What is expected: Your response should contain exactly the lines running from the one with "Obývací pokoj, jídelna" to the end of the data below, both included, and no pictures.

Data to use:
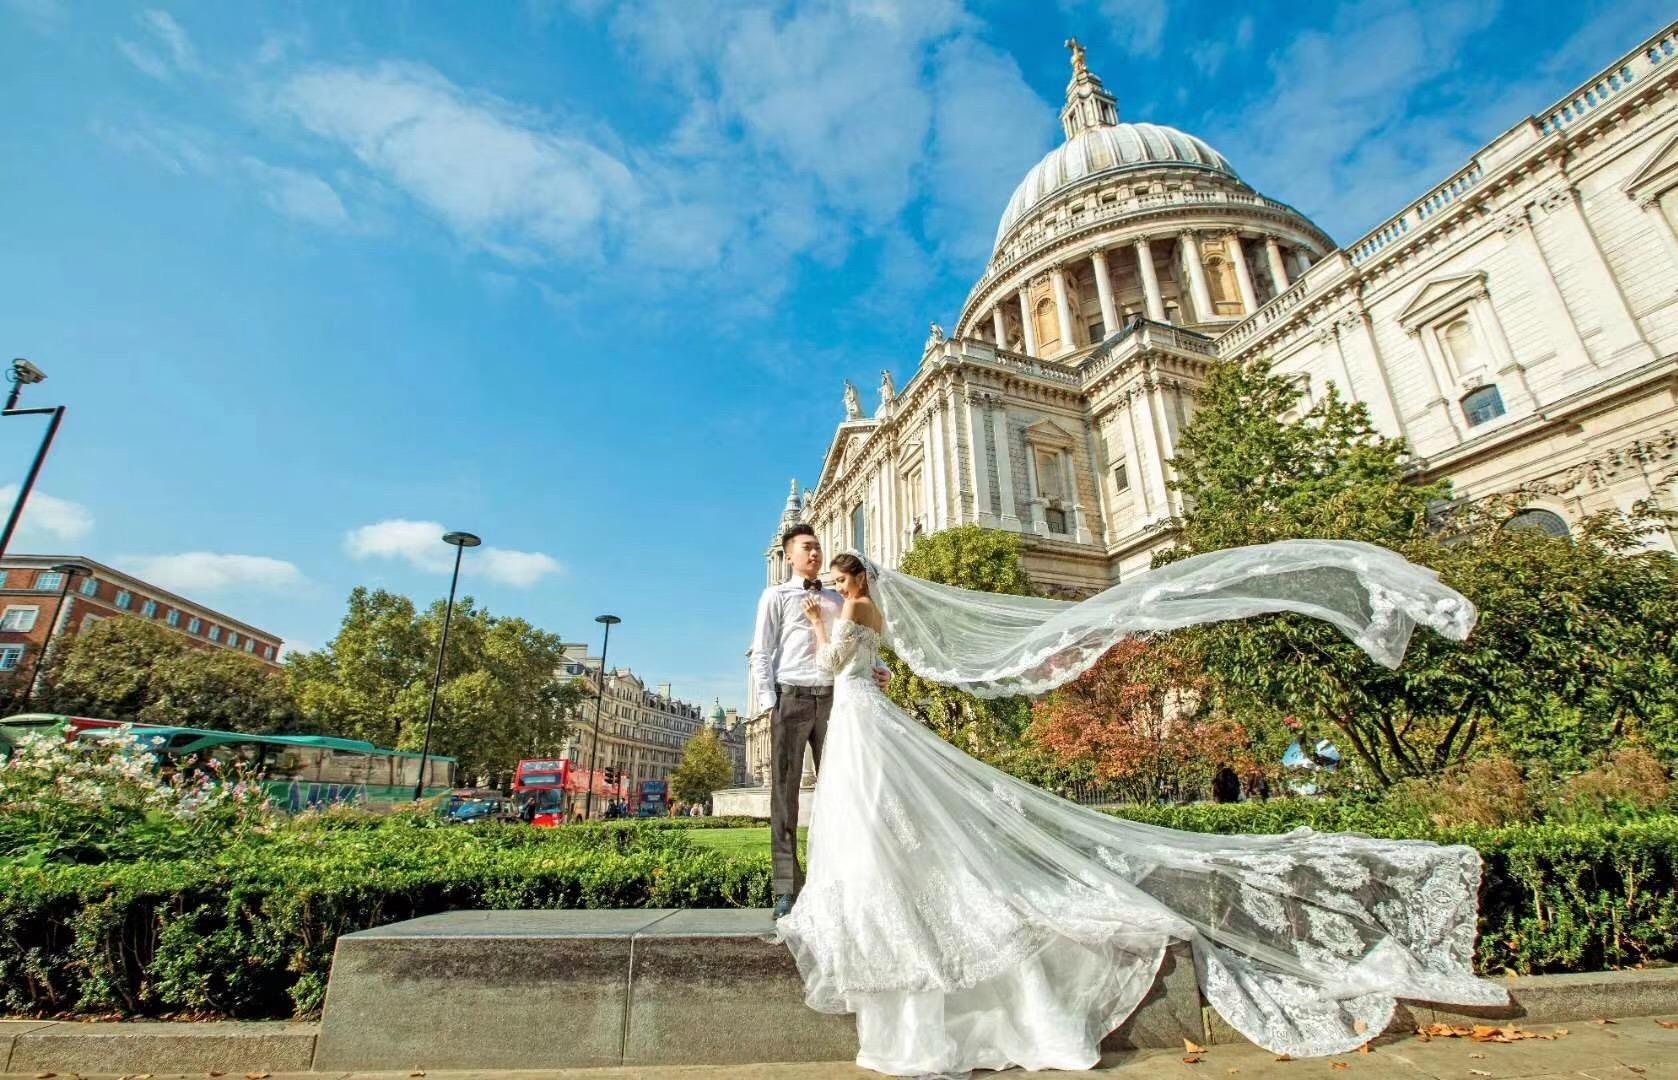 伦敦婚纱摄影旅拍推荐
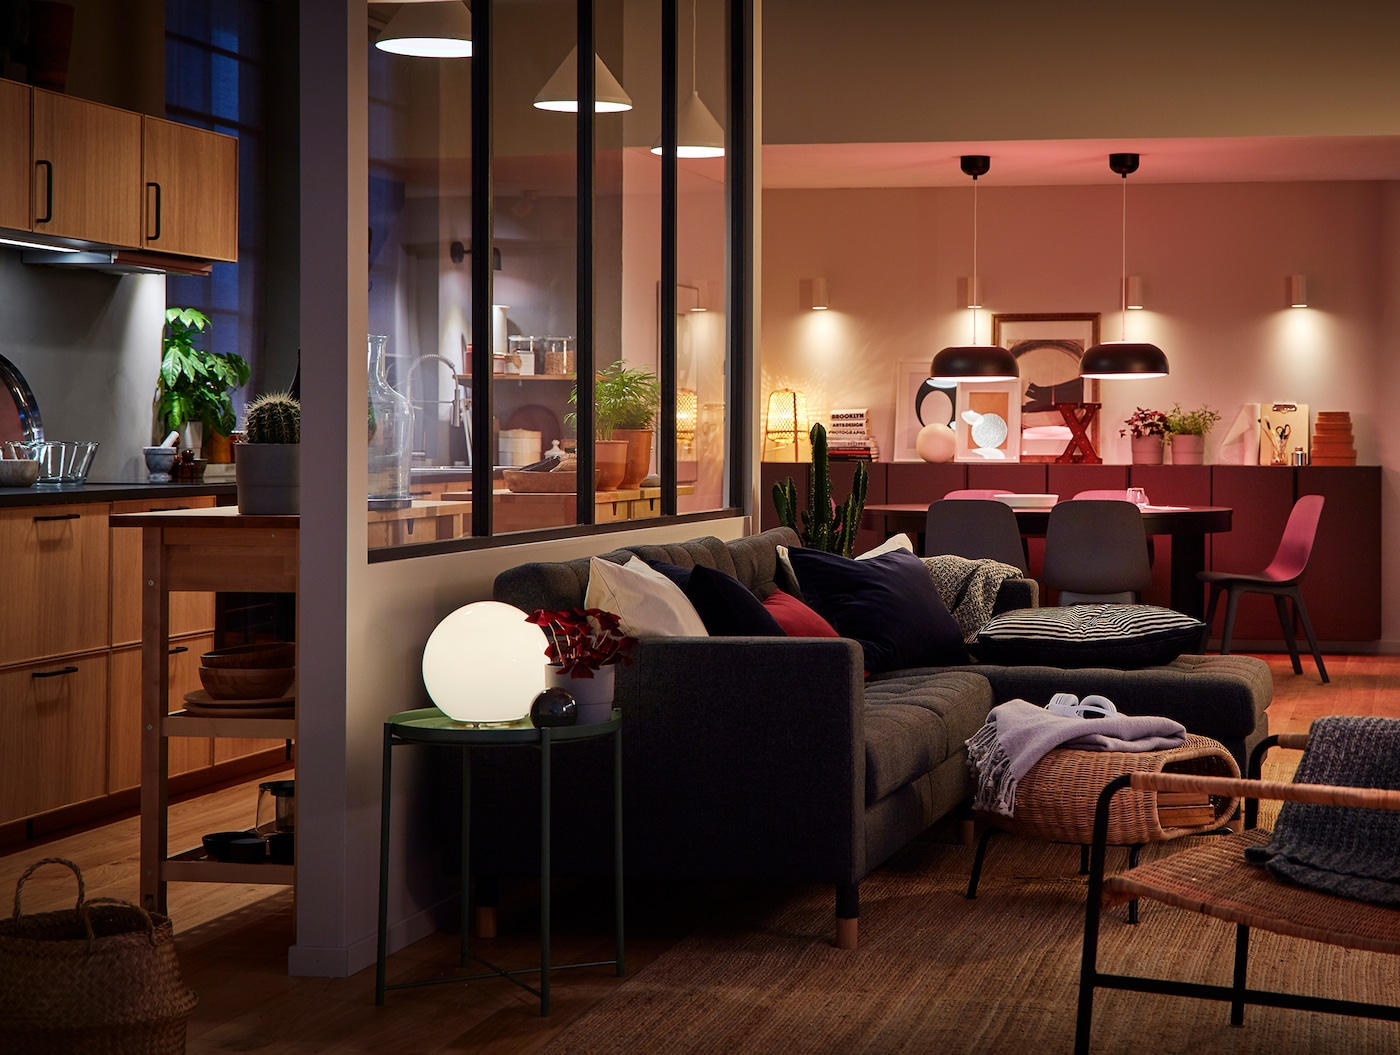 Obývací pokoj, jídelna a kuchyně s chytrým osvětlením TRÅDFRI.
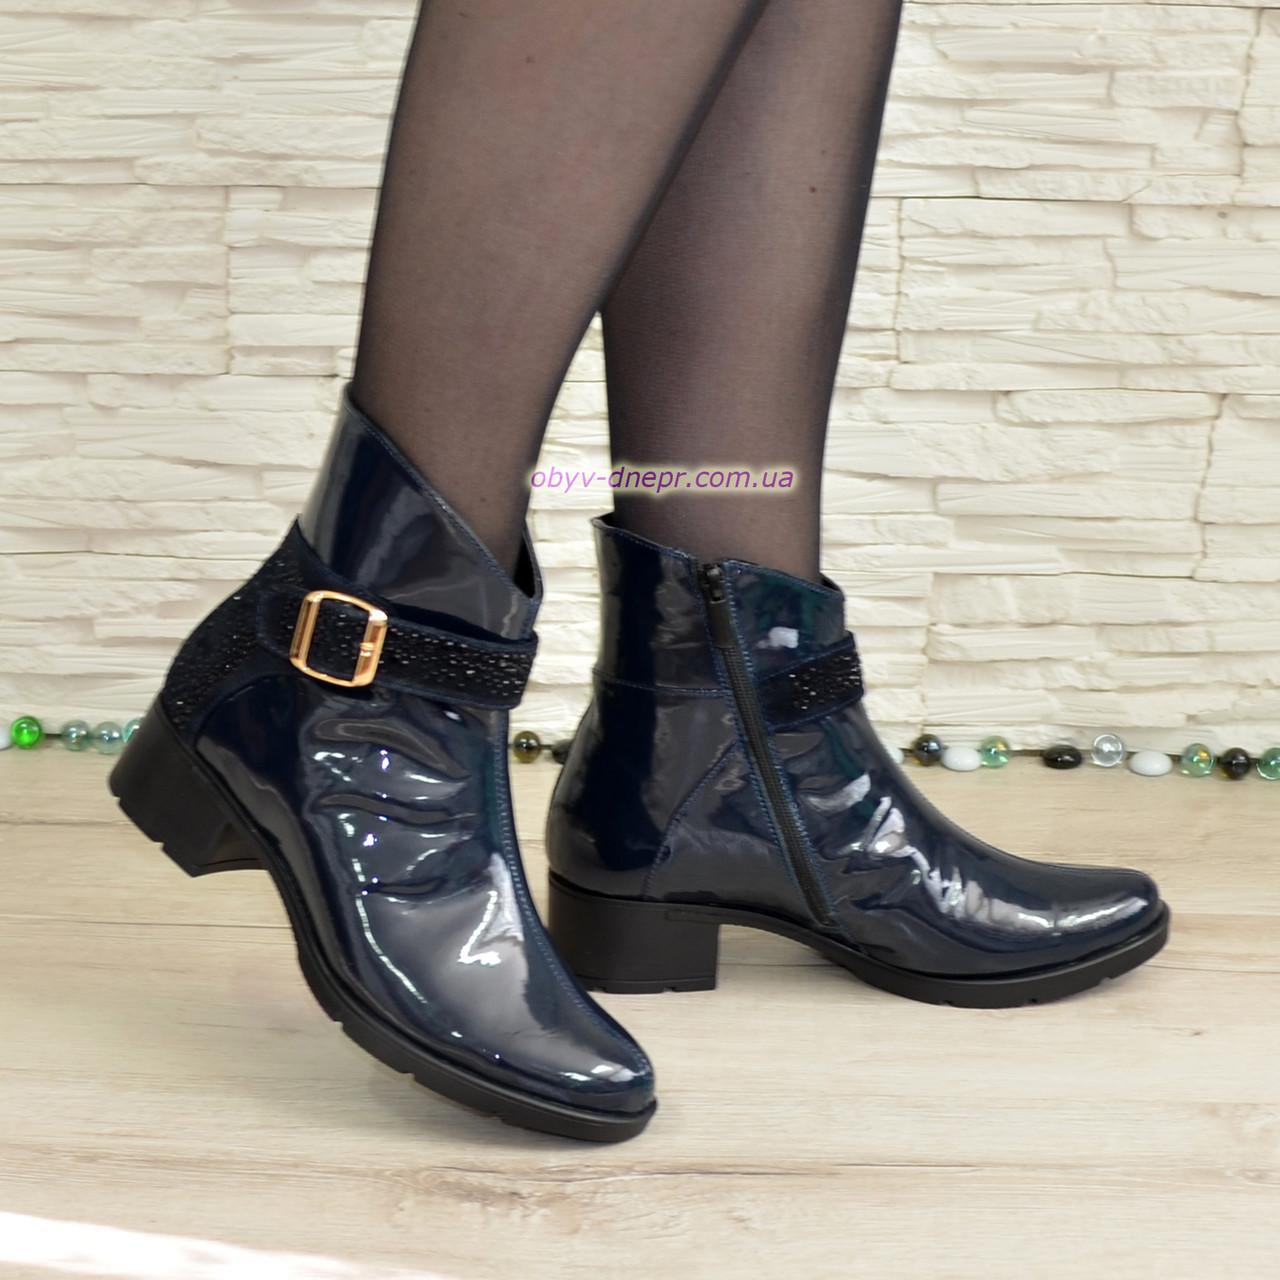 4c6b78cfa Стильные женские демисезонные ботинки, из лаковой синей кожи, декорированы  стразами.
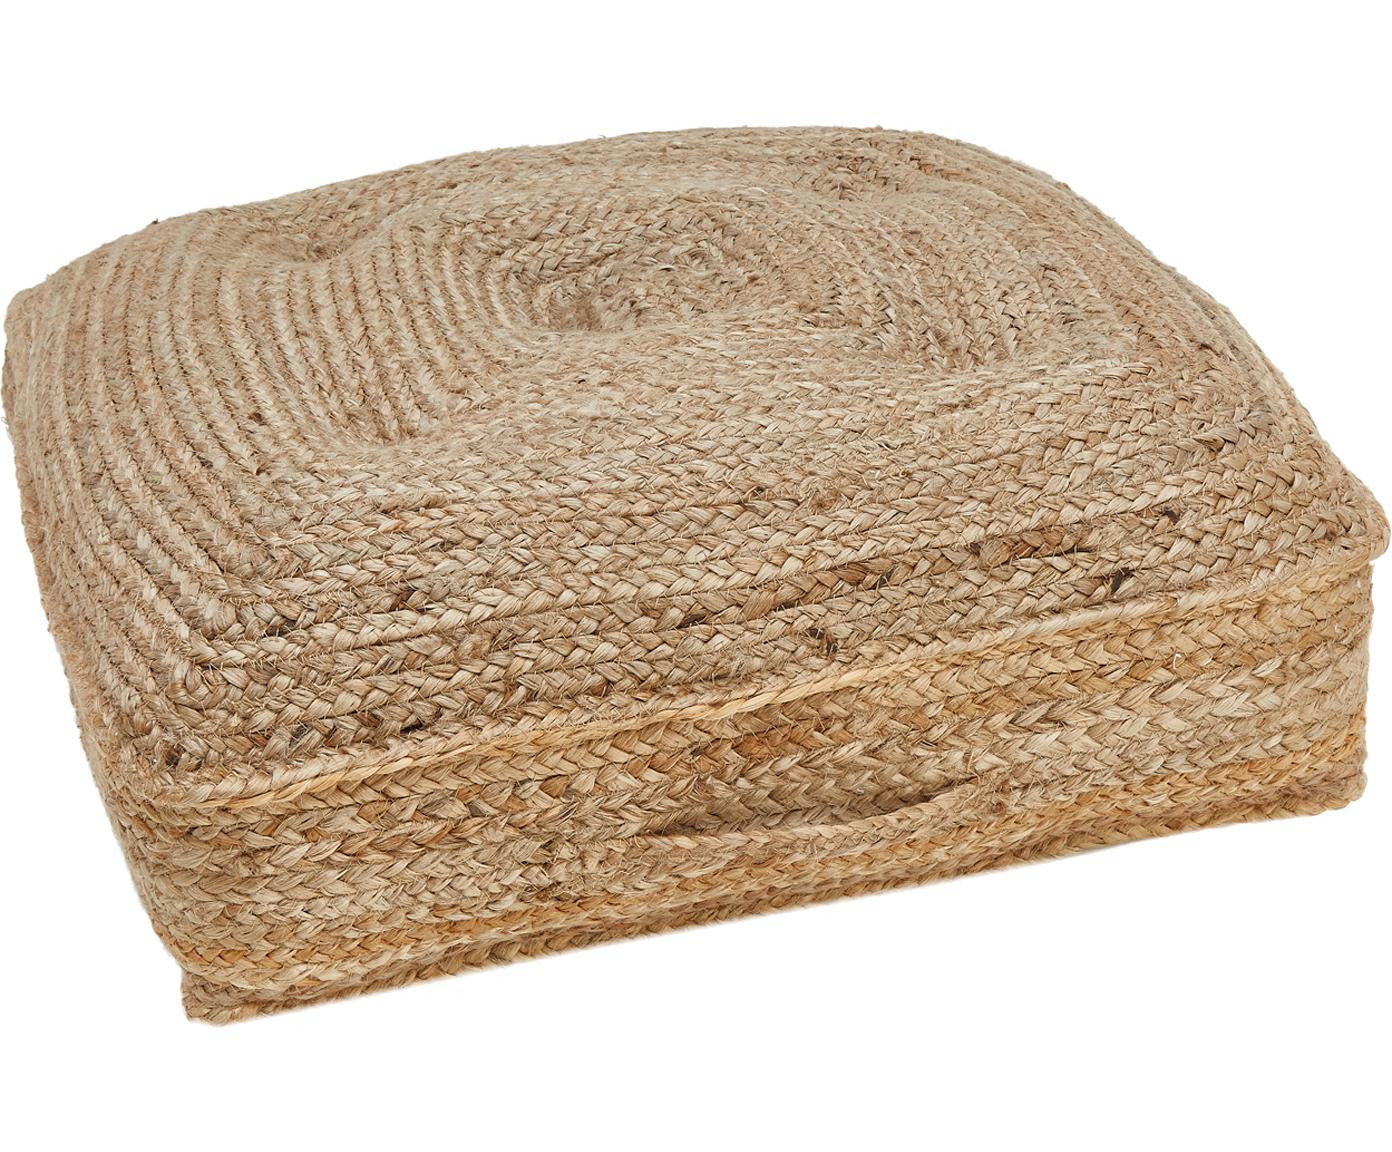 Jute-Bodenkissen Ural, Vorderseite: Jute, Rückseite: Baumwolle, Jute, 60 x 13 cm
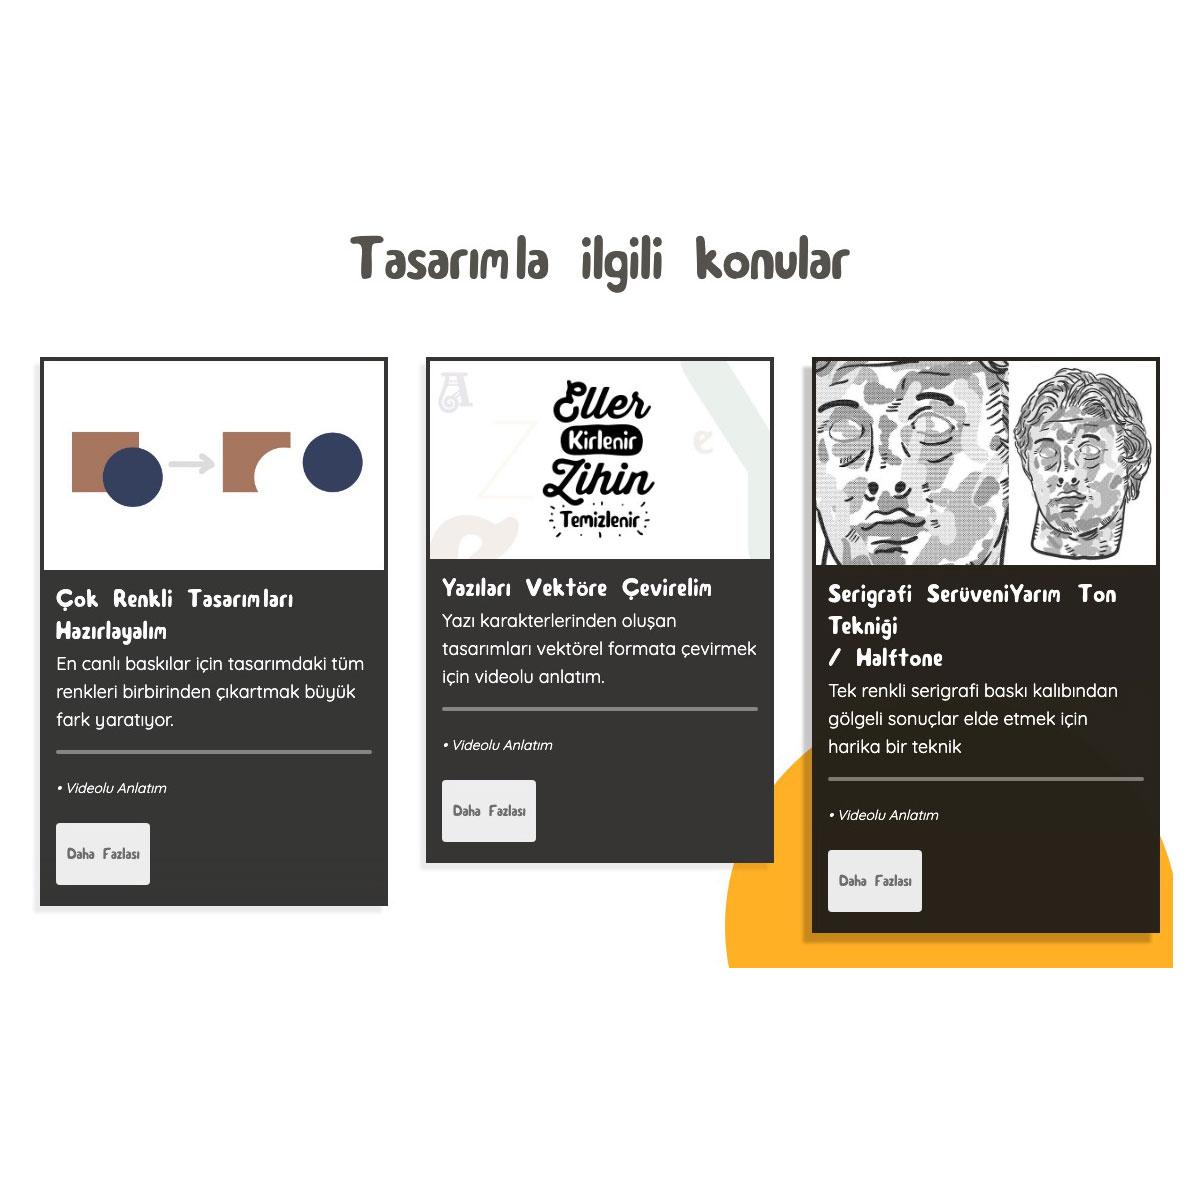 serigrafi baskıya uygun tasarımlar
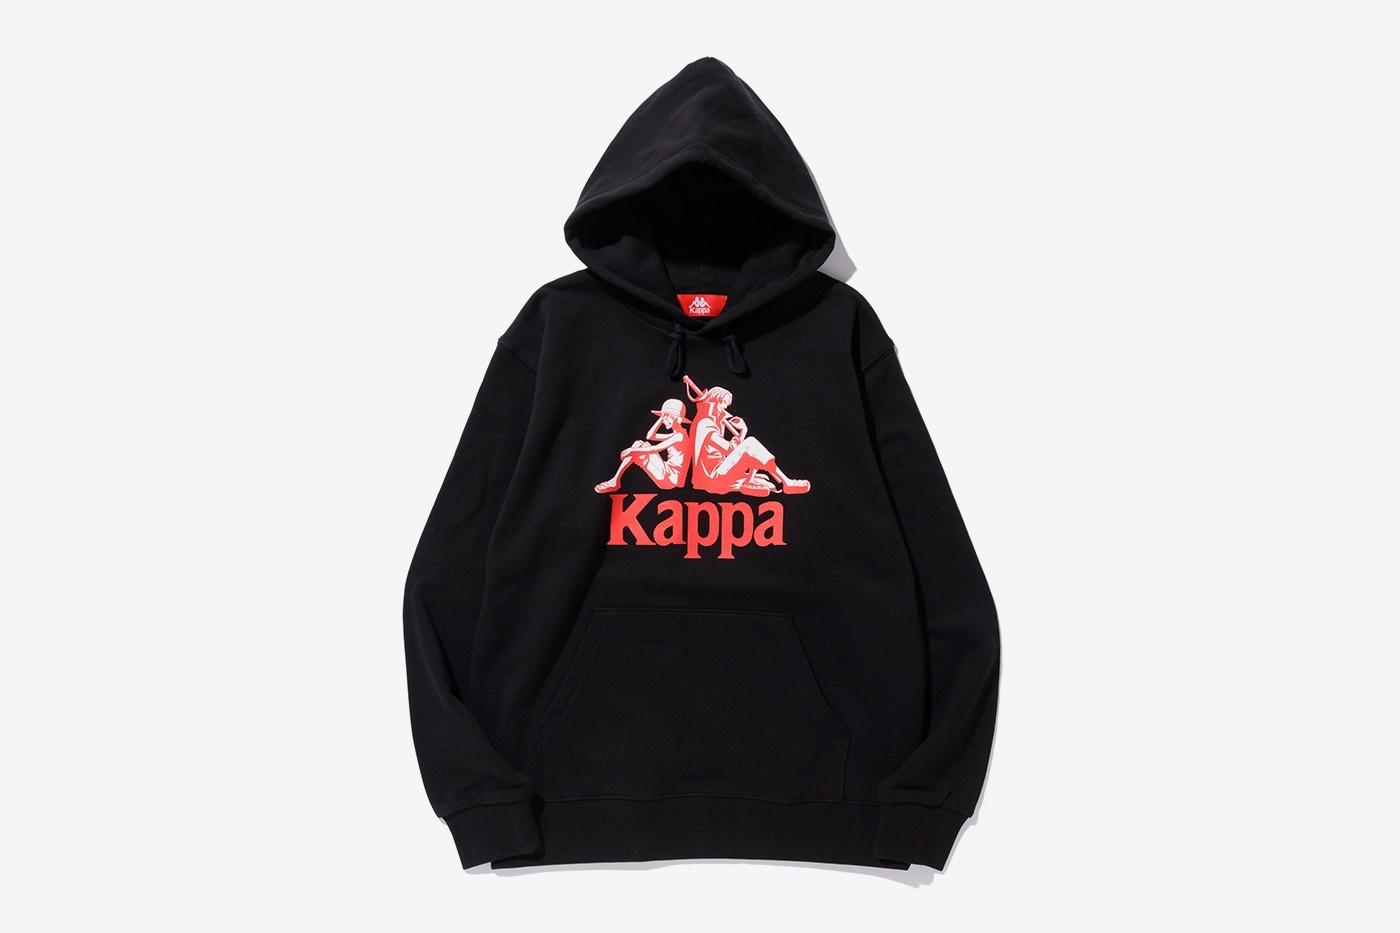 One Piece x Kappa

Solution to this problem:
 Obývací pokoj, jídelna a kuchyně s chytrým osvětlením TRÅDFRI.
 4c6b78cfa Стильные женские демисезонные ботинки, из лаковой синей кожи, декорированы  стразами.
 Jute-Bodenkissen Ural, Vorderseite: Jute, Rückseite: Baumwolle, Jute, 60 x 13 cm
 serigrafi baskıya uygun tasarımlar
 One Piece x Kappa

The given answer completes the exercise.